Bob public key then becomes the dot product of these matrices

                  1  1  1  1  0  0  0
G' = SGP = 1 1 0 0 1 0 0
1 0 0 1 1 0 1
0 1 0 1 1 1 0

Bob will use G’ as a public key, but S, G and P are secret. Next, for Alice to send a ciphered message to Bob, she converts the message into binary vectors of length k.

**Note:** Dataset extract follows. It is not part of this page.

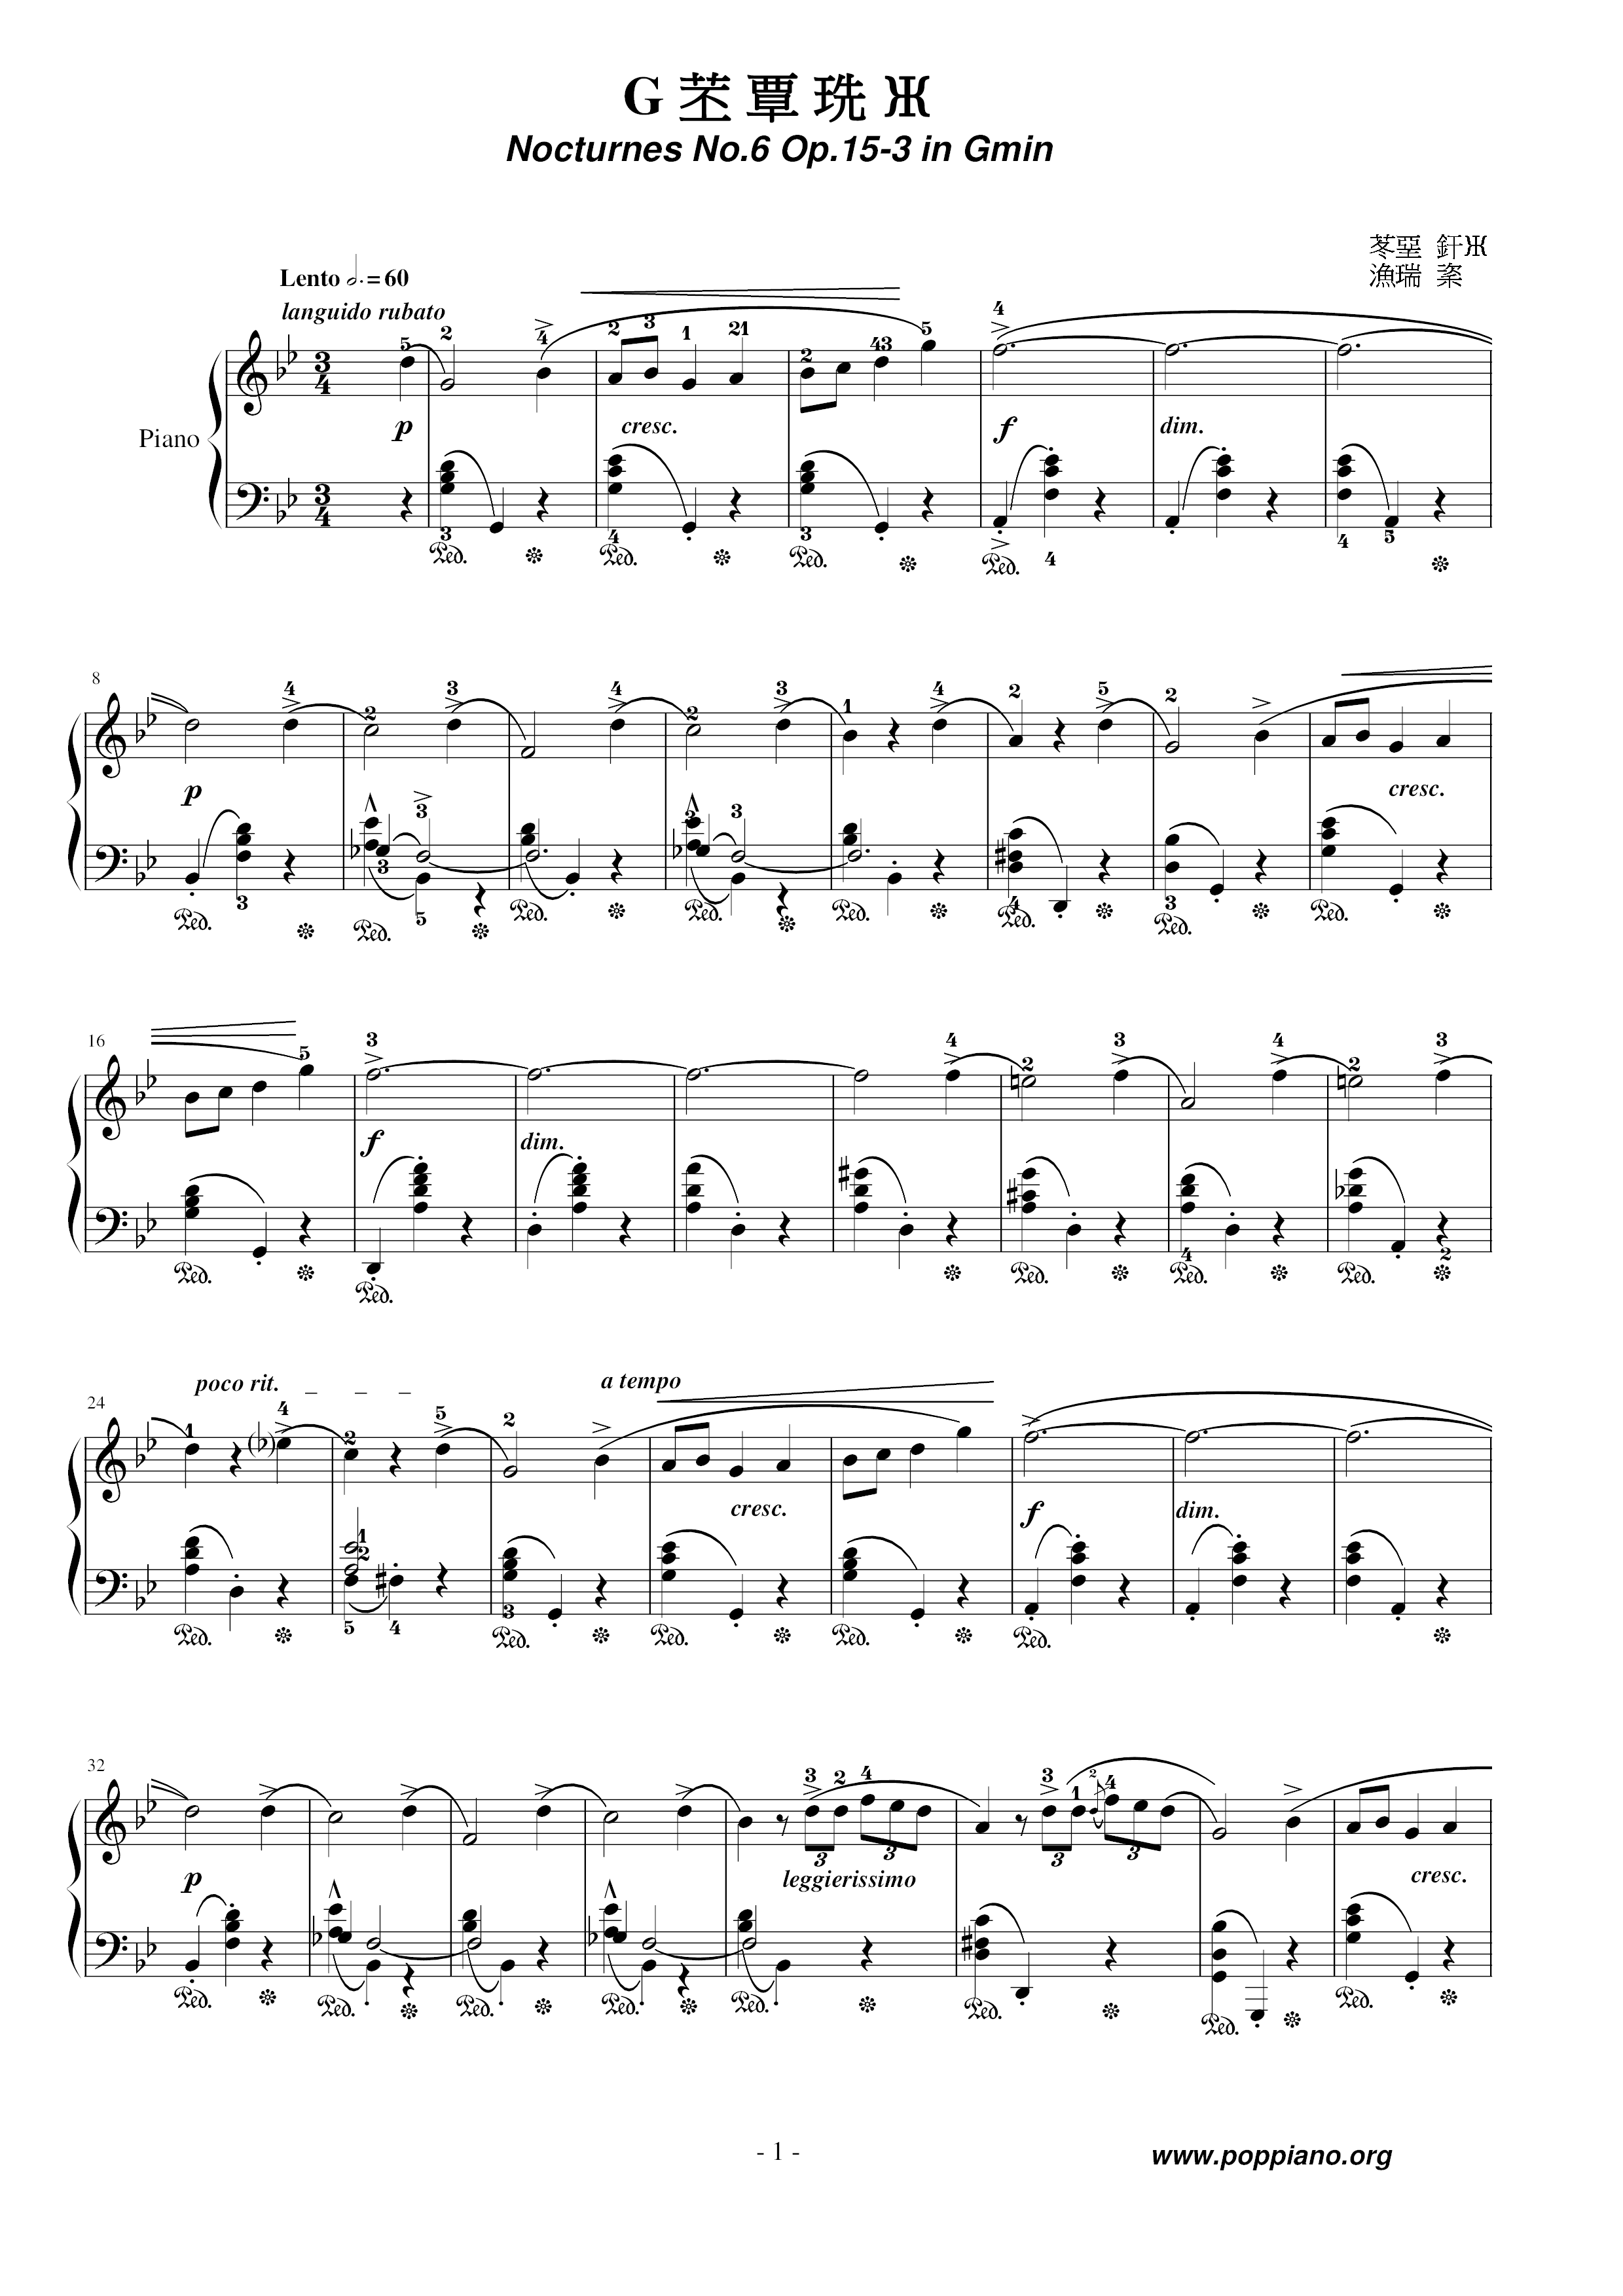 Nocturne No. 06 Score
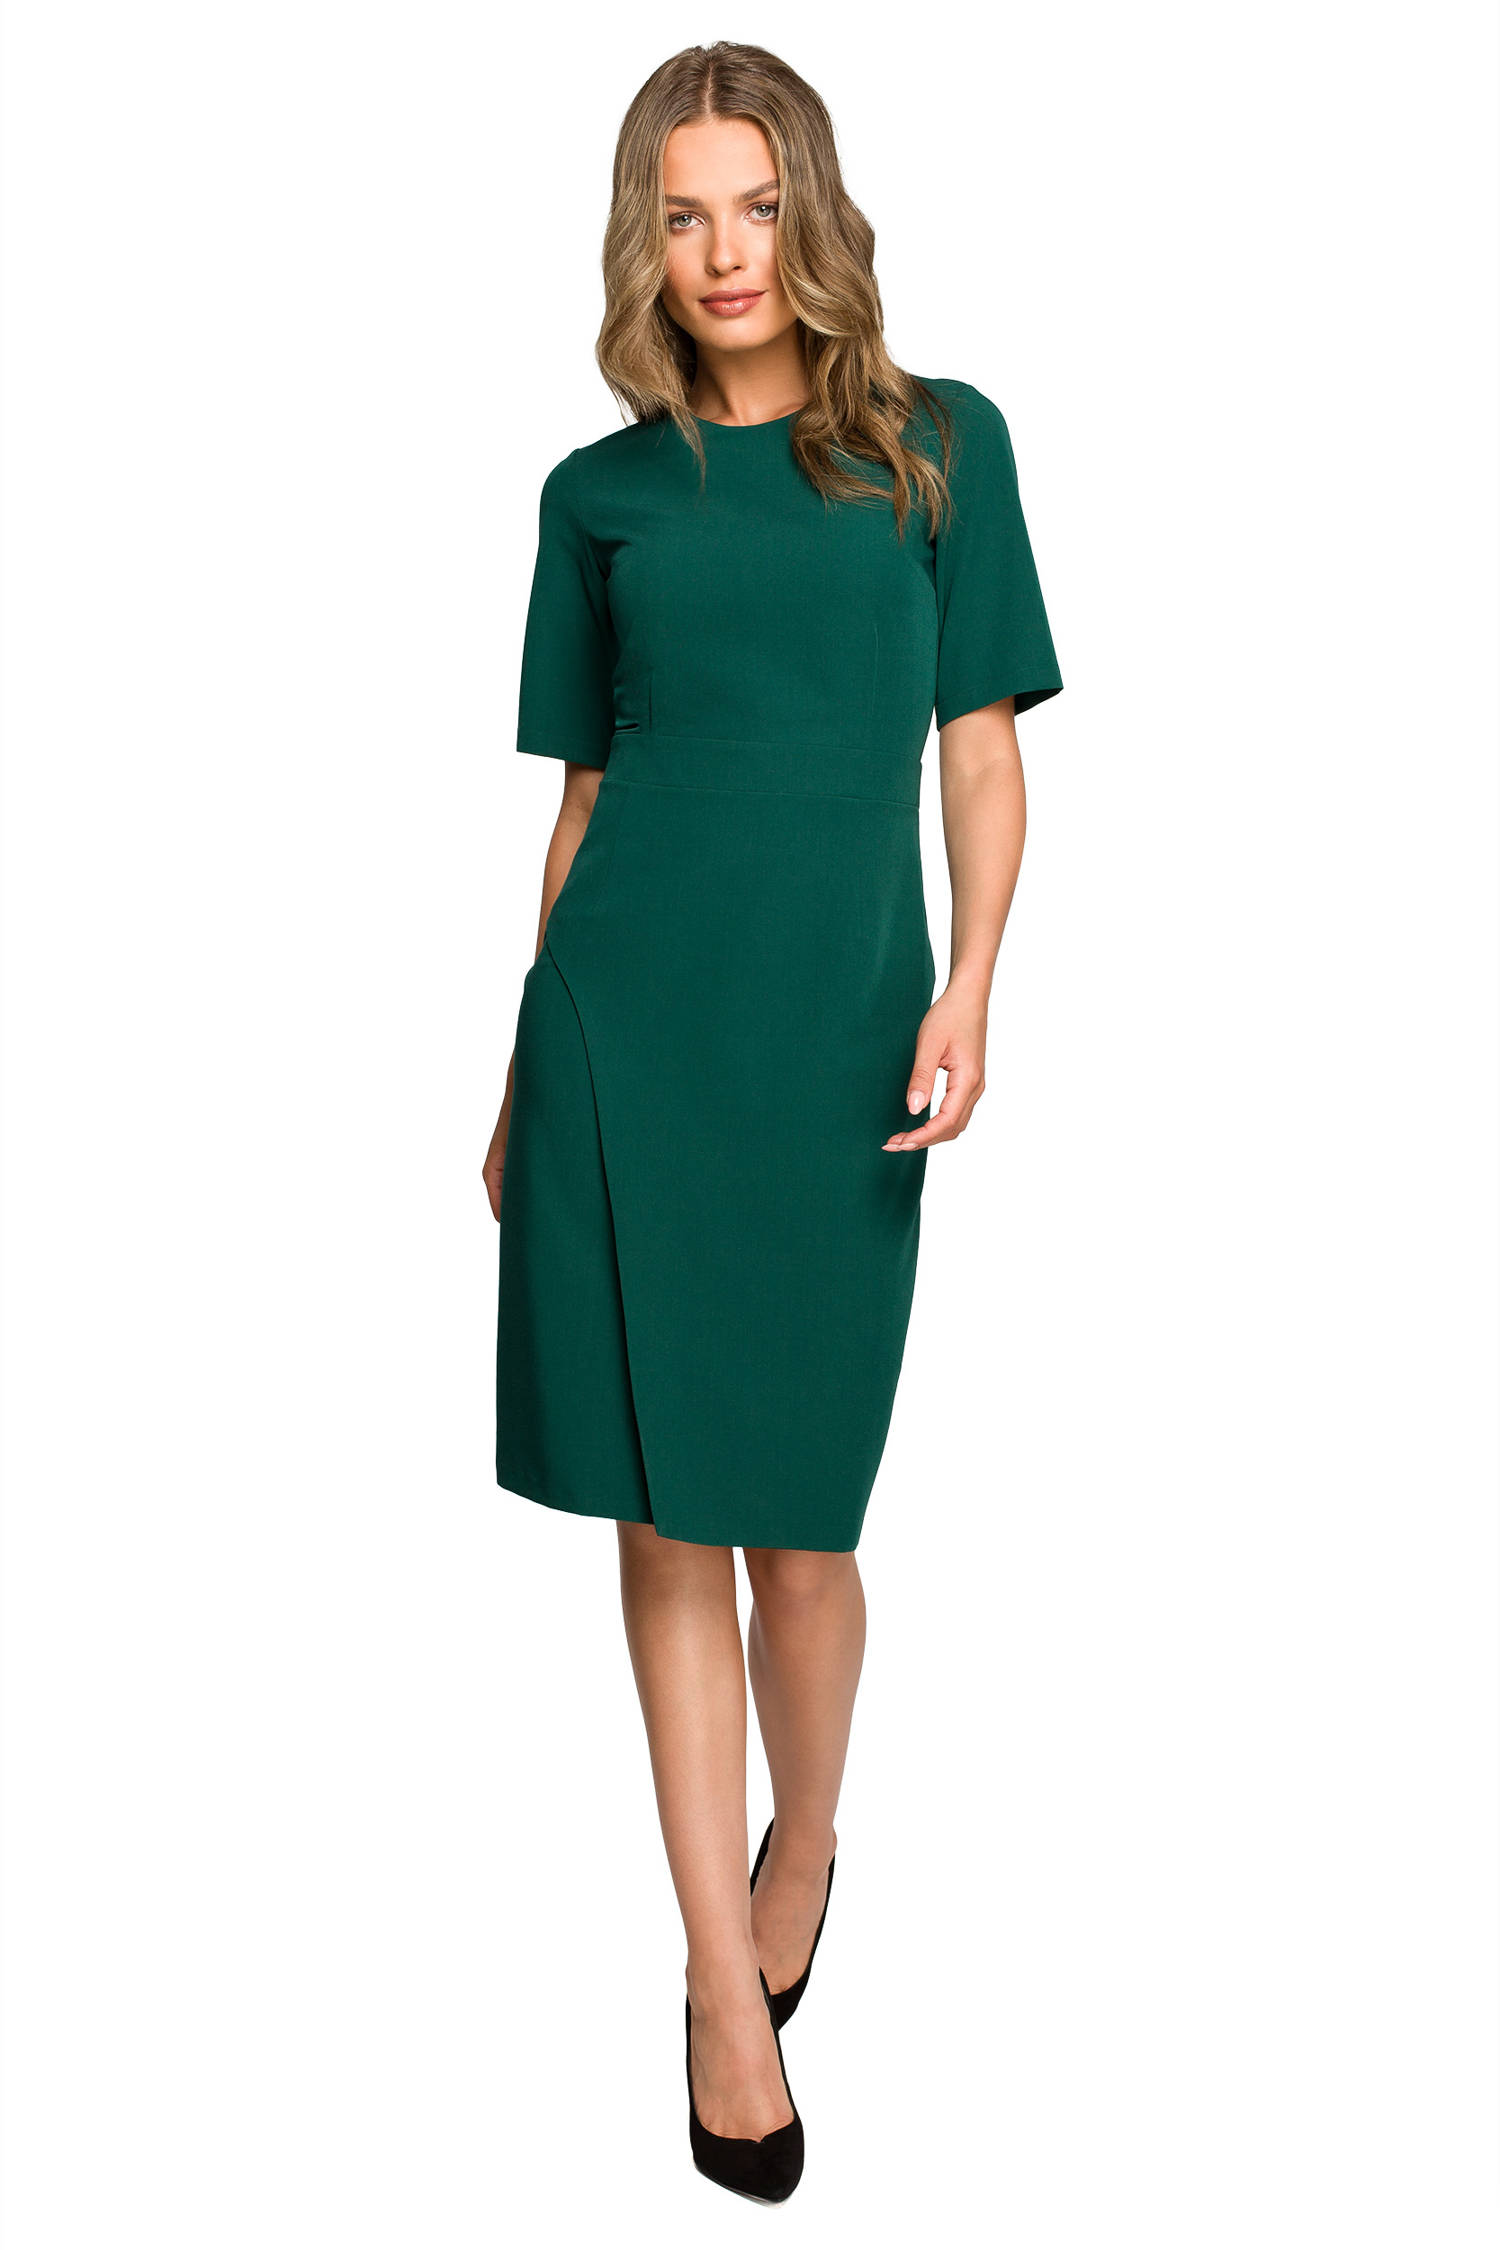 Opis: Elegancka sukienka ołówkowa z dołem na zakładkę klasyczna zielona.

For a message of m Alice will create randomly a binary n-vector of weight t, and randomly places t 1’s in a zero vector of length n).

This is then sent to Bob:

y = mG’ + e

Bob then decrypts with:

yP−1=(mG′+e)P−1=mSG+eP−1=mSG+e

A sample run is:

Message: [ 1.  1.  0.  1.]
G:
[[1 0 0 0 1 1 0]
[0 1 0 0 1 0 1]
[0 0 1 0 0 1 1]
[0 0 0 1 1 1 1]]
S:
[[1 1 0 1]
[1 0 0 1]
[0 1 1 1]
[1 1 0 0]]
P:
[[0 1 0 0 0 0 0]
[0 0 0 1 0 0 0]
[0 0 0 0 0 0 1]
[1 0 0 0 0 0 0]
[0 0 1 0 0 0 0]
[0 0 0 0 0 1 0]
[0 0 0 0 1 0 0]]
Result:
[[1 1 1 1 0 0 0]
[1 1 0 0 1 0 0]
[1 0 0 1 1 0 1]
[0 1 0 1 1 1 0]]
Cipher: [ 0.  1.  1.  0.  1.  1.  0.]
P^{-1}:
[[ 0. 0. 0. 1. 0. 0. 0.]
[ 1. 0. 0. 0. 0. 0. 0.]
[ 0. 0. 0. 0. 1. 0. 0.]
[ 0. 1. 0. 0. 0. 0. 0.]
[ 0. 0. 0. 0. 0. 0. 1.]
[ 0. 0. 0. 0. 0. 1. 0.]
[ 0. 0. 1. 0. 0. 0. 0.]]
y': [ 1.  0.  0.  0.  1.  1.  1.]
S^{-1}:
[[ 1. 1. 0. 1.]
[ 1. 1. 0. 0.]
[-0. 1. 1. 1.]
[ 1. 0. 0. 1.]]
Decipher: [ 1.  1.  0.  1.]

Conclusions

We need to consider new ways of defining hard problems in an era of quantum computers. Using algebraic codes to create quantum robust crypto is now a serious contender to replace some of your public key methods.

So it could be goodbye John Napier — and discrete logarithms — and hello to Robert McEliece.